Saved data entries:
Start of Block
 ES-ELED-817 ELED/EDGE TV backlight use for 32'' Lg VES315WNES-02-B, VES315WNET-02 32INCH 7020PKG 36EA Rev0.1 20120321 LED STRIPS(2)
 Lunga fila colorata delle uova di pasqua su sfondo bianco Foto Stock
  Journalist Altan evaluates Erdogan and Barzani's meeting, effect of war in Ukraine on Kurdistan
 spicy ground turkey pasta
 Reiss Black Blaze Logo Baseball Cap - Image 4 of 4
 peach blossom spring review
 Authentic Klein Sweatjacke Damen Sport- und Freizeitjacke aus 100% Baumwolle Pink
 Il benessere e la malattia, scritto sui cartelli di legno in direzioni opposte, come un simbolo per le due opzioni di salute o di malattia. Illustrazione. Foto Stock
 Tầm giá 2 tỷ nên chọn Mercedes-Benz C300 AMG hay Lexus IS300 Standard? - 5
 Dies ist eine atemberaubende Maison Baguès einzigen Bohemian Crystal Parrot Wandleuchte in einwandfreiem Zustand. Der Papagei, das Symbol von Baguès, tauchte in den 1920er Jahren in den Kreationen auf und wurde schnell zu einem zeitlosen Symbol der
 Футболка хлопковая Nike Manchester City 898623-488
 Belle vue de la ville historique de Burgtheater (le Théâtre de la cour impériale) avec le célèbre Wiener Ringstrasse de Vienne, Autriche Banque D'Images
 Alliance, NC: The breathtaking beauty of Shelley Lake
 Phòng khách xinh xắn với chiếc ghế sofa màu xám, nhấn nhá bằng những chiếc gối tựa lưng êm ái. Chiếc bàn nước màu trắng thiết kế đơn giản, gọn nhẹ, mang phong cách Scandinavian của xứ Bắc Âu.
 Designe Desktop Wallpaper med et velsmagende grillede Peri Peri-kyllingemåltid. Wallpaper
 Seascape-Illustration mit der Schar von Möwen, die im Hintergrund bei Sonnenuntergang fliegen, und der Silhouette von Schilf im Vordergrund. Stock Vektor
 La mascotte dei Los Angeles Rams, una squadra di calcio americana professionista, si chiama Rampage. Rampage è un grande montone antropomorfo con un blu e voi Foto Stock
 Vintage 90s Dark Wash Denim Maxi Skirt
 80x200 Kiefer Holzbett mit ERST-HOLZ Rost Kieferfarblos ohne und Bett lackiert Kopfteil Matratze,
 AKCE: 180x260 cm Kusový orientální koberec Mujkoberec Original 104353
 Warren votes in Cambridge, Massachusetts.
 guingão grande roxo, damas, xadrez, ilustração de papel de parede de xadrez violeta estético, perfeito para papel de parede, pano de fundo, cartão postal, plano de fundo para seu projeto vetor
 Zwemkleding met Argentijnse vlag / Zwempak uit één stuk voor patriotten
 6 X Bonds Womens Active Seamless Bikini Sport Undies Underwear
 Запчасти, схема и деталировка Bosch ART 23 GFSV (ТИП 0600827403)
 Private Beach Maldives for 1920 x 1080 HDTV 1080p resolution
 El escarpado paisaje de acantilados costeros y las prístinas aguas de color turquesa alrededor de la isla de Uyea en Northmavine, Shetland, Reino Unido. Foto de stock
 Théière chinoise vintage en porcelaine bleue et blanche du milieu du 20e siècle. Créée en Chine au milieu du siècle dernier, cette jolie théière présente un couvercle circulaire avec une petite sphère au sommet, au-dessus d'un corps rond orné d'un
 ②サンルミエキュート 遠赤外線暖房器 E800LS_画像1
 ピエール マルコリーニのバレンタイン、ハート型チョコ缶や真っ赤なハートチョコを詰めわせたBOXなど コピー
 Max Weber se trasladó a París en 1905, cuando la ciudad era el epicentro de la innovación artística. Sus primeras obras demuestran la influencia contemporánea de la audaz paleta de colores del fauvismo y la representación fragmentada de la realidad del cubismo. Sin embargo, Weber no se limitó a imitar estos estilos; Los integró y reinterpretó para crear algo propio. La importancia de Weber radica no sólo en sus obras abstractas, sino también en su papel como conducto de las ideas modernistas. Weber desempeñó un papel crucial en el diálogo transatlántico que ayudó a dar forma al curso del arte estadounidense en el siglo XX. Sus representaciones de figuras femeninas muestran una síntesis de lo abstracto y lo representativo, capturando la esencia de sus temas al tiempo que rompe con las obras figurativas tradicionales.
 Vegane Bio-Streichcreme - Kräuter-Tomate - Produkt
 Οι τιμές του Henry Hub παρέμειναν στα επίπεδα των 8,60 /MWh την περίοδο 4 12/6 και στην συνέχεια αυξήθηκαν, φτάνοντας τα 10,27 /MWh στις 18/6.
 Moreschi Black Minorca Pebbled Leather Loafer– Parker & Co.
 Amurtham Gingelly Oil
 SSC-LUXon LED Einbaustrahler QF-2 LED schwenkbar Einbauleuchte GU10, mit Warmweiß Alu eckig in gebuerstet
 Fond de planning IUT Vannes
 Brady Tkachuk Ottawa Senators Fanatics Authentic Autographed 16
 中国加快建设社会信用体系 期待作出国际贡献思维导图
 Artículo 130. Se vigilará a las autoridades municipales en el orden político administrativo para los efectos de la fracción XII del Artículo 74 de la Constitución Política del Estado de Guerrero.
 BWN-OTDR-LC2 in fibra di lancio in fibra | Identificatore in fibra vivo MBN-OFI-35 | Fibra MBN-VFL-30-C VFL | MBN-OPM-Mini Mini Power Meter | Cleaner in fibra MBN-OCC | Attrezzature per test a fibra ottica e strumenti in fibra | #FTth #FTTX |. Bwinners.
End of Block
WHAT TO WORK ON:
Return each line among the entries that holds the word "avec".

RESPONSE BOX:
 Belle vue de la ville historique de Burgtheater (le Théâtre de la cour impériale) avec le célèbre Wiener Ringstrasse de Vienne, Autriche Banque D'Images
 Théière chinoise vintage en porcelaine bleue et blanche du milieu du 20e siècle. Créée en Chine au milieu du siècle dernier, cette jolie théière présente un couvercle circulaire avec une petite sphère au sommet, au-dessus d'un corps rond orné d'un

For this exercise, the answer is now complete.